However, each person needs a different dose, and if you receive a dose that is too high for you, your anaesthetist may need to take measures to ensure that your heart and breathing receive the necessary support.

If you have any further questions on the use of this medicine, ask your doctor, pharmacist or nurse.

4. Possible side effects

Like all medicines, this medicine can cause side effects, although not everybody gets them.

Side effects that may occur during anaesthesia

The following side effects may occur during anaesthesia (while you are being given the injection or when you are drowsy or asleep). Your doctor will be watching for them. If they occur, your doctor will give you the necessary treatment.

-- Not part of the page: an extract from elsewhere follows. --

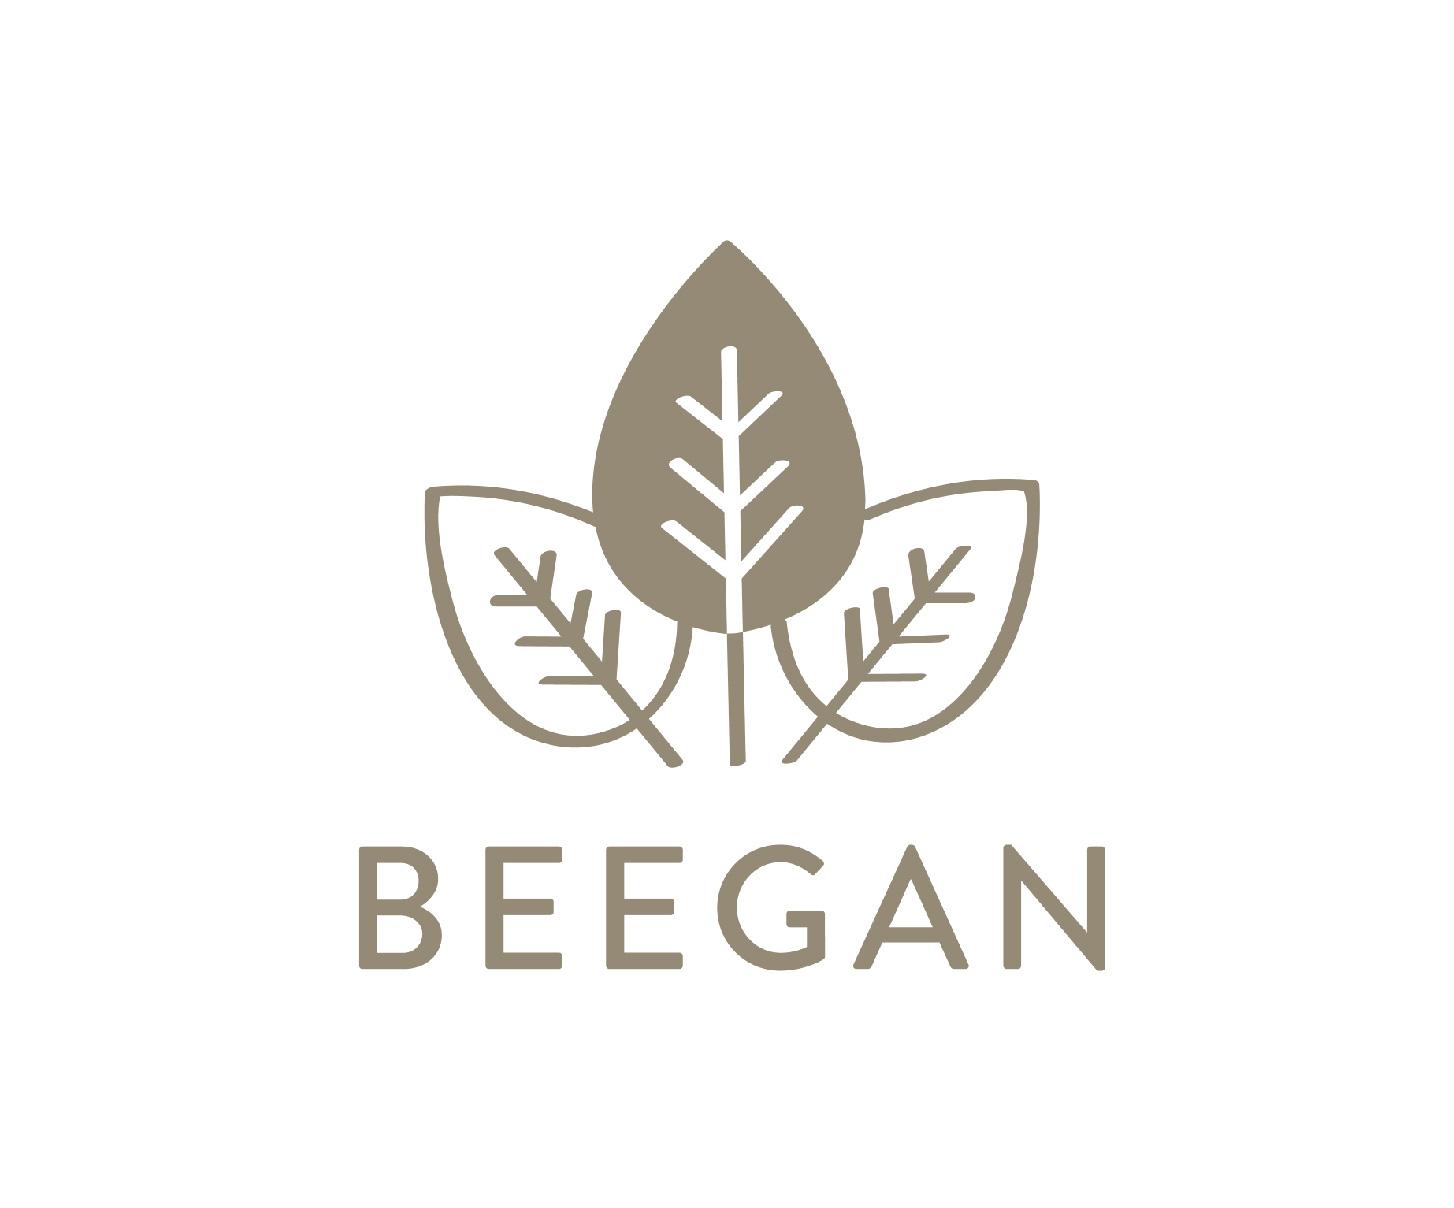 Beegan

Very common (may affect more than 1 in 10 people)

• Pain at the injection site (while the injection is being given, before you fall asleep).

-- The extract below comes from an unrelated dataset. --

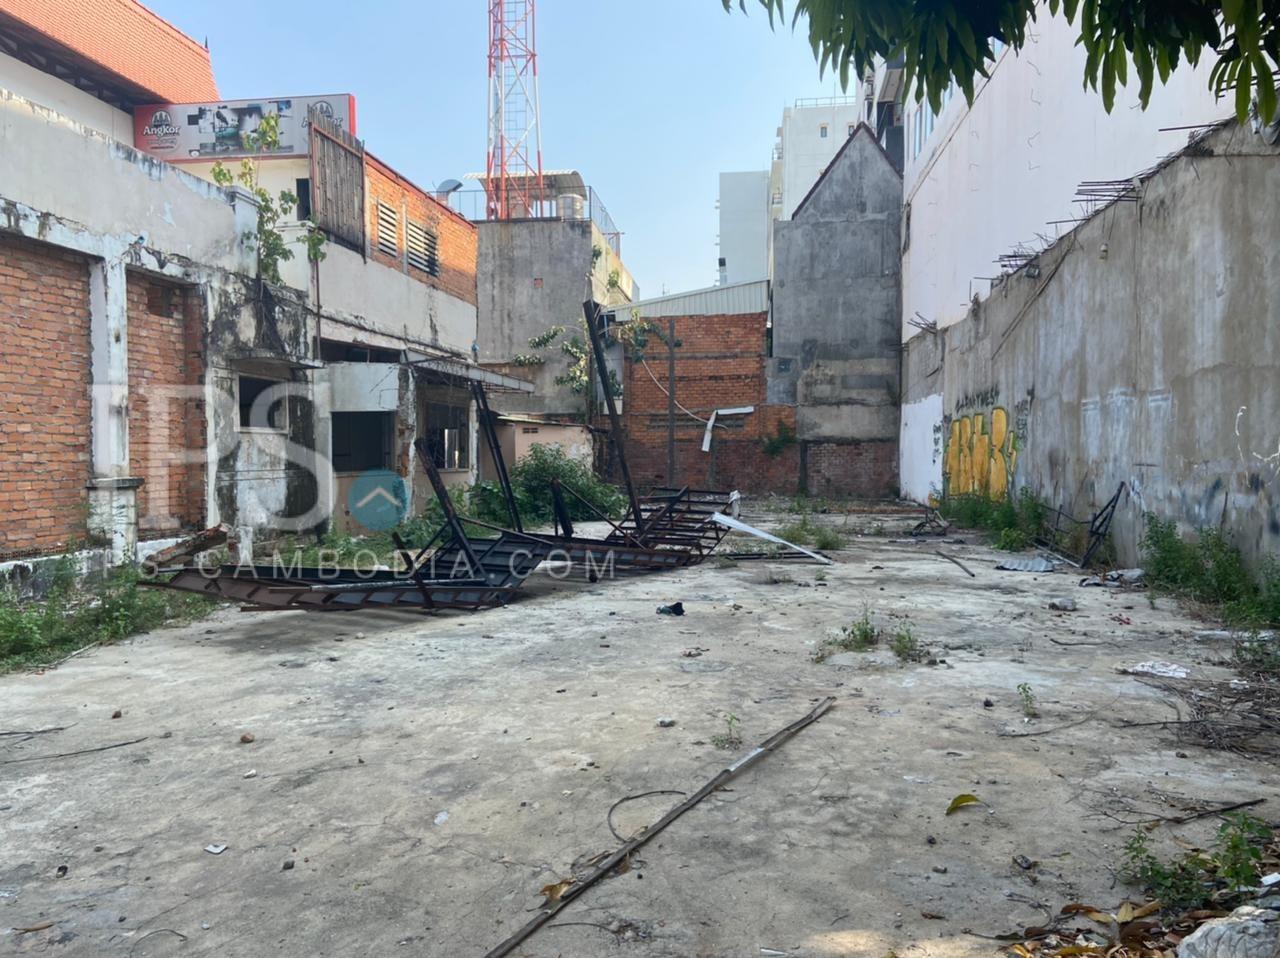 807 Sqm Land For Sale - BKK1, Phnom Penh

Common (may affect up to 1 in 10 people)

• Slow or fast heart beats.
• Low blood pressure.
• Changes in breathing pattern (low breathing frequency, respiratory arrest).
• Hiccup.
• Cough (may also occur when waking up).

Uncommon (may affect up to 1 in 100 people)

• Swelling and redness or blood clots in the vein along the injection site.

Rare (may affect up to 1 in 1,000 people)

• Muscle twitching and body shaking, or a seizure (may also occur when waking up).

Very rare (may affect up to 1 in 10,000 people)

• Severe allergic reaction causing difficulty breathing, swollen and red skin, flushing. Fluid accumulation in the lungs that can make you very short of breath (may also occur when waking up).
• Unusual urine colour (may also occur when waking up).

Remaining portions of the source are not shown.